Limitations: NFP methods heavily rely on regular and accurate tracking of fertility signs, making them less effective for individuals with irregular cycles or those unable to consistently track indicators. Additionally, they require a significant commitment to learning and consistently applying the method, which might not be feasible for everyone.

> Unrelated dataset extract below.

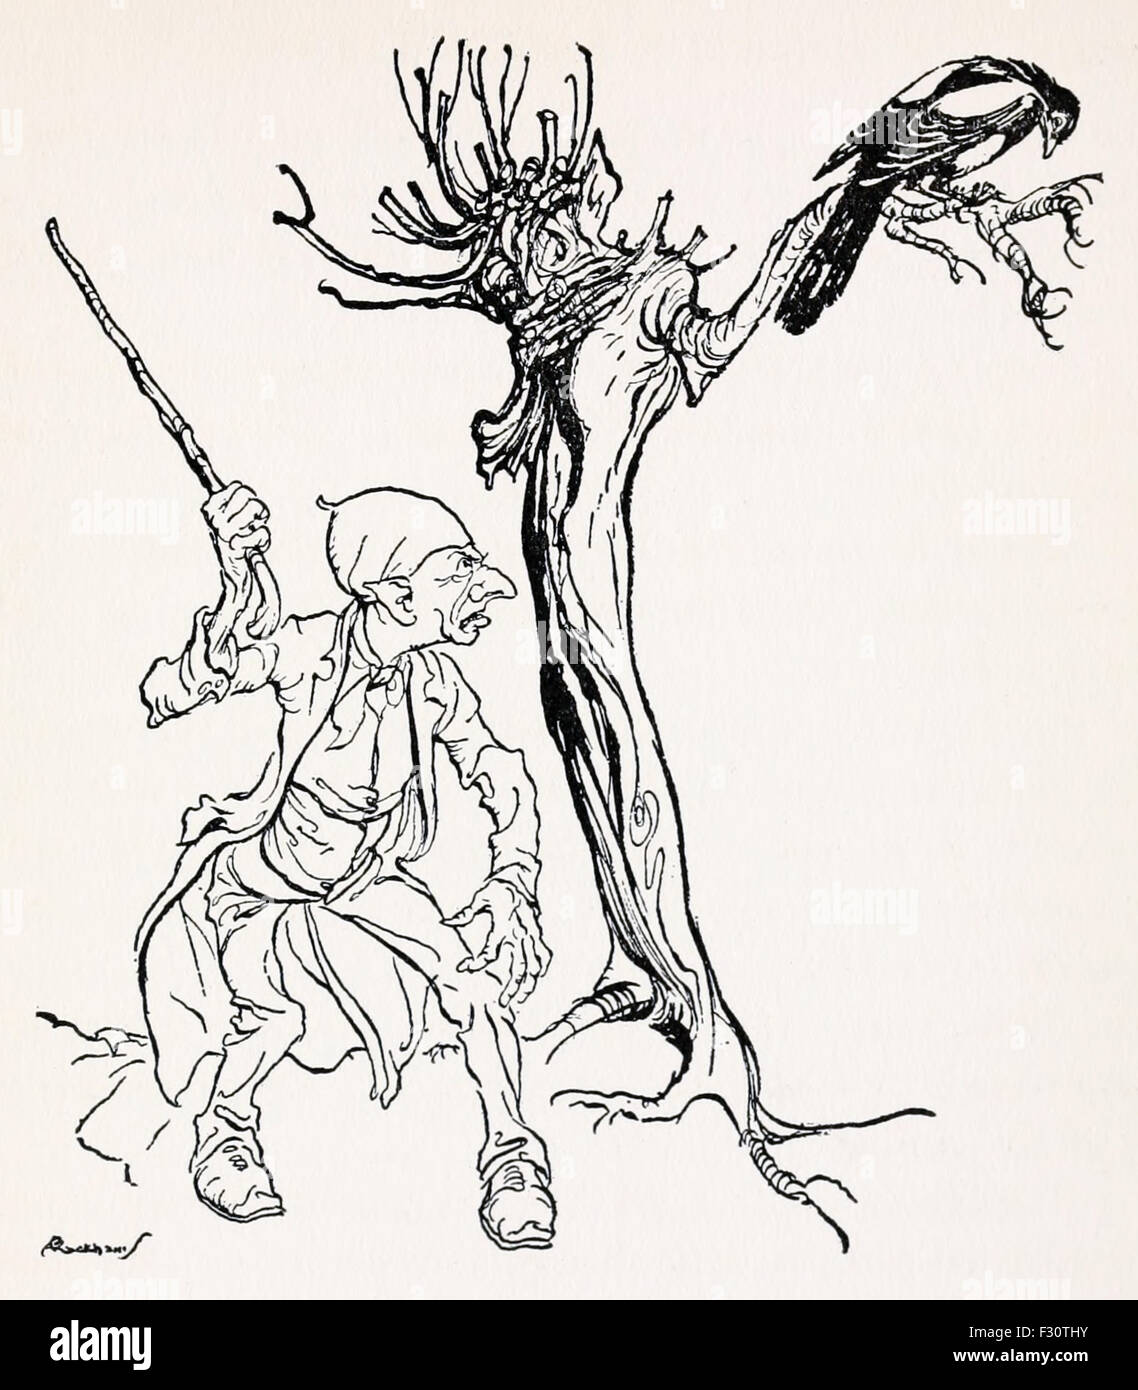 Mr Vinegar throwing his stick at a Magpie in a tree from 'Mr and Mrs Vinegar' in 'English Fairy Tales', illustration by Arthur Rackham (1867-1939). See description for more information. Stock Photo

The effectiveness of NFP methods can vary based on individual factors, education in tracking fertility signs, and commitment to following the method’s guidelines. Proper education, support, and consistent monitoring are crucial for maximizing the effectiveness of these methods in either achieving or avoiding pregnancy. Consulting with a healthcare provider or a fertility educator can provide valuable guidance in utilizing NFP methods effectively and responsibly.


Empowerment lies in the ability to make choices that resonate with one’s values, health, and aspirations. Therefore, I encourage everyone to proactively engage with a women’s health specialist and a healthcare professionals, have open discussions, ask questions, and actively participate in the decision-making process regarding their reproductive health. By doing so, individuals can confidently select the most suitable birth control method that aligns with their preferences, ensuring responsible and informed choices for their well-being.